I will have a look next time I visit a MAC counter. Maybe having a purpose visiting will stop me from buying a new lipstick, or two.
I have actually looked for a fan brush for a long time, and I never thought of MAC. What is wrong with me!?!?!?!
I do own a huge one from NYX and a thin one from Laura Mercier so I have two, but I need that right one.
Thanks again, Maria.
Hi Helene, I, too, was wanting a WG fan brush, though in my case, it would be a backup. WG’s fan brush was the first brush I purchased and was so versatile that I used it for everything: bronzer, contour, blush, highlighter (even powdering the t-boning). It’s one of the few ‘good’ brushes that I’ll bring when travelling and the density is a plus. I get lost in Hakuhodo’s brush choices. I hope he brings the original fan brush back.
Thanks for the exceptional review, photos, and comparisons. I have brushes 13, 14, and 15, the Air Brush, the Holiday/00 (my go-to T home for applying all over bronzer). I upgraded my eye brushes with his Anniversary Brush Set. In this version, I’m intrigued by Brush 11 or 12 and I would love another fan brush but need to understand more about the new fan brush’s density. The fan brush is by far my most used face brush and so versatile to travel with because I can use it for bronzer, blush & highlighter and it’s compact shape is great for travel.
If it weren’t for the high price I would be tempted, but can’t bring myself to spend that much on a brush set.

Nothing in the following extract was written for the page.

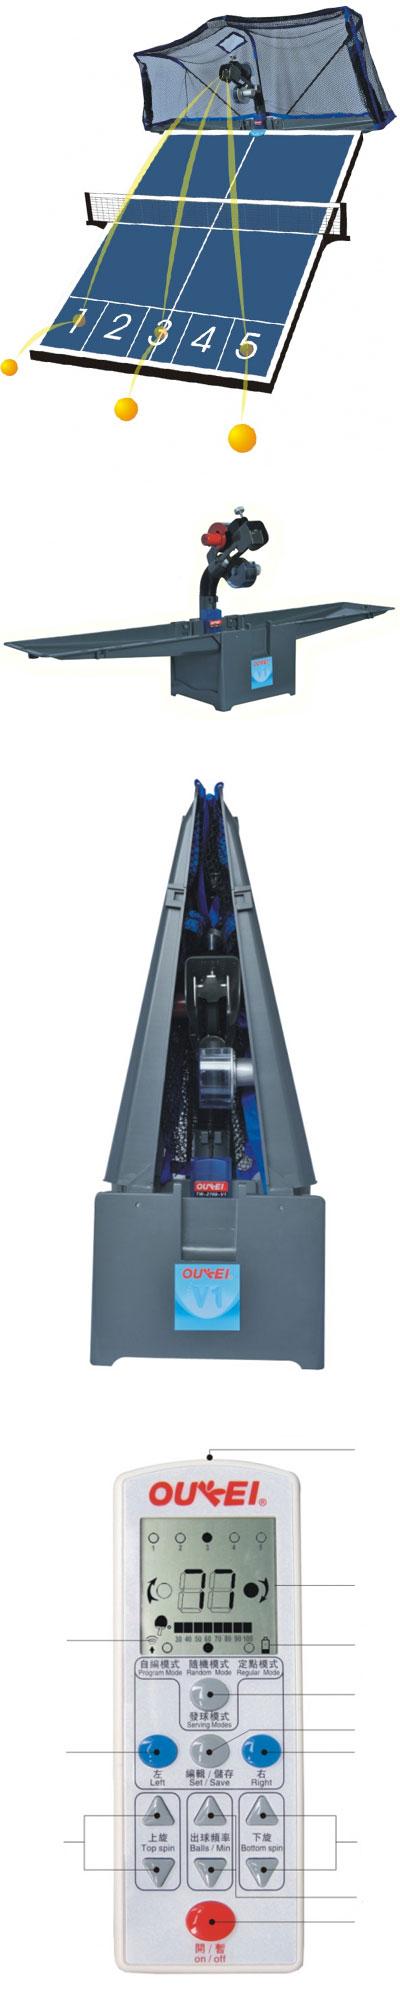 Máy bắn bóng bàn Oukei TW-2700-V1

I was waiting for these to finally release individually as I never get use out of all brushes in sets.
I purchased 10,11 &12 but 12 is the only one I don’t think I would use. I thought it could go for blush but it’s quite a bit more dense and small/compact compared to my Bobbi brown blush brush. So I’m thinking rather than use it I will just return it new. I think 11 could work for blush as well and 12 is probably better suited to precisely contouring which I never do.
How similar would you say this newer version of the 15 fan brush is to the Smashbox Fan Brush? I have the Smashbox, and was going to get the Wayne Goss one based on what I had seen/heard about the oldone being thicker because it looked like it would give me a different effect, but this one looks very similar to the Smashbox one?
Sorry, I haven’t tried the Smashbox brush.